The discussion centers on the potential for the Large Hadron Collider (LHC) to measure gravitational waves resulting from high-energy collisions, particularly involving heavy ions like gold or lead. Participants explore the feasibility of detecting gravitational effects in such extreme conditions and consider the limitations of current gravitational wave detectors like LIGO.

Discussion Character

  • Exploratory
  • Debate/contested
  • Technical explanation

Main Points Raised

  • One participant questions whether the extreme velocities in LHC collisions could create measurable gravitational impacts, suggesting that powerful collisions might produce minute vibrations.
  • Another participant argues that the kinematic effects of gravitational waves on colliding ions will be negligible, estimating gravitational effects to be smaller by about 10^-40 compared to electromagnetic forces, implying that the LHC alone will not detect gravitational effects.
  • Some participants propose that while LHC collisions might produce weak gravitational waves, they doubt that LIGO could detect them, citing stronger sources of gravitational waves that are more likely to be observed first.
  • A participant references a paper on gravitational wave theory, suggesting it may provide insights into the topic.
  • There is a discussion about estimating the magnitude of gravitational waves, with references to factors like distance and mass from astrophysical events such as merging black holes or neutron stars.
  • One participant speculates about conducting a stochastic test similar to the discovery of the Cosmic Microwave Background, considering the potential for noise plateaus during collisions, but raises concerns about quantum noise overshadowing any signals produced.
  • Another participant reflects on the challenges of detecting gravitational waves near the LHC due to the proximity of the detector to the collision points and the complexities of measuring signals amidst space-time perturbations.

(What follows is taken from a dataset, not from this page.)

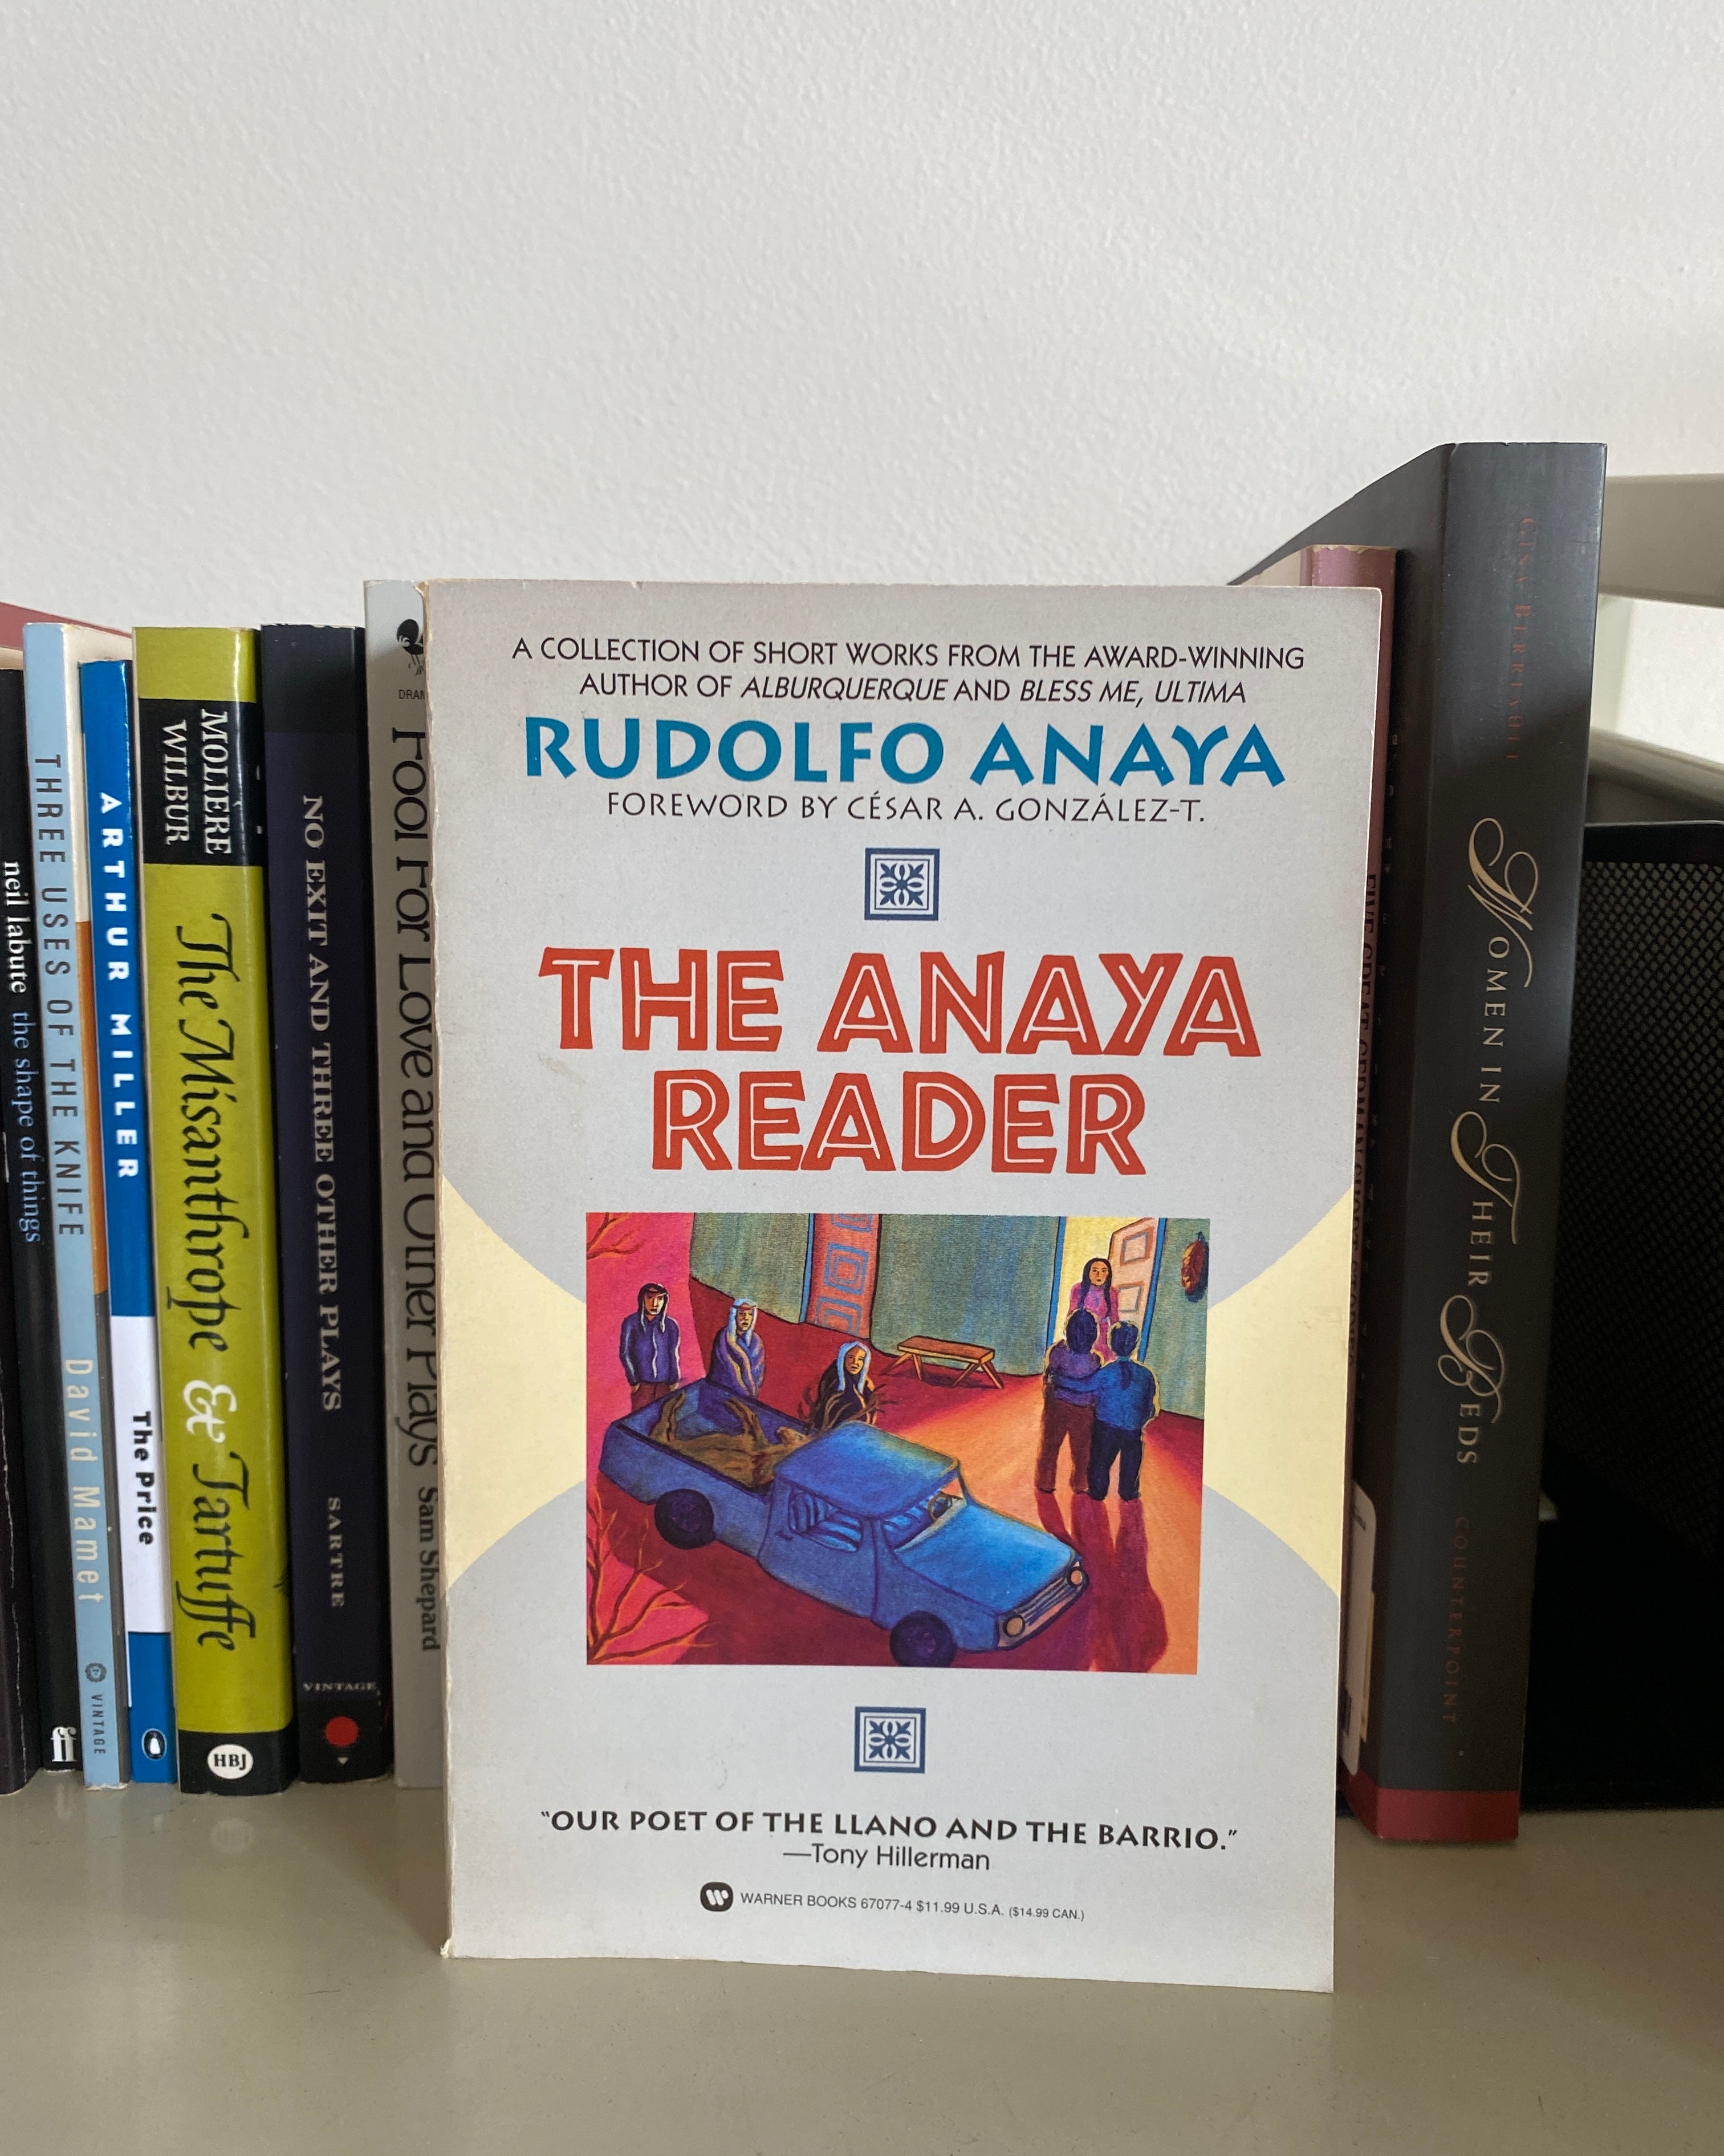 The Anaya Reader by Rudolfo Anaya (1st Printing Warner Trade)

Areas of Agreement / Disagreement

Participants express differing views on the likelihood of the LHC detecting gravitational waves, with some asserting that it is improbable while others entertain the possibility under certain conditions. No consensus is reached regarding the feasibility of such measurements.

Contextual Notes

Participants highlight limitations such as the dependence on the scale of gravitational effects compared to other forces, the challenges posed by quantum noise, and the need for precise measurements in a highly dynamic environment.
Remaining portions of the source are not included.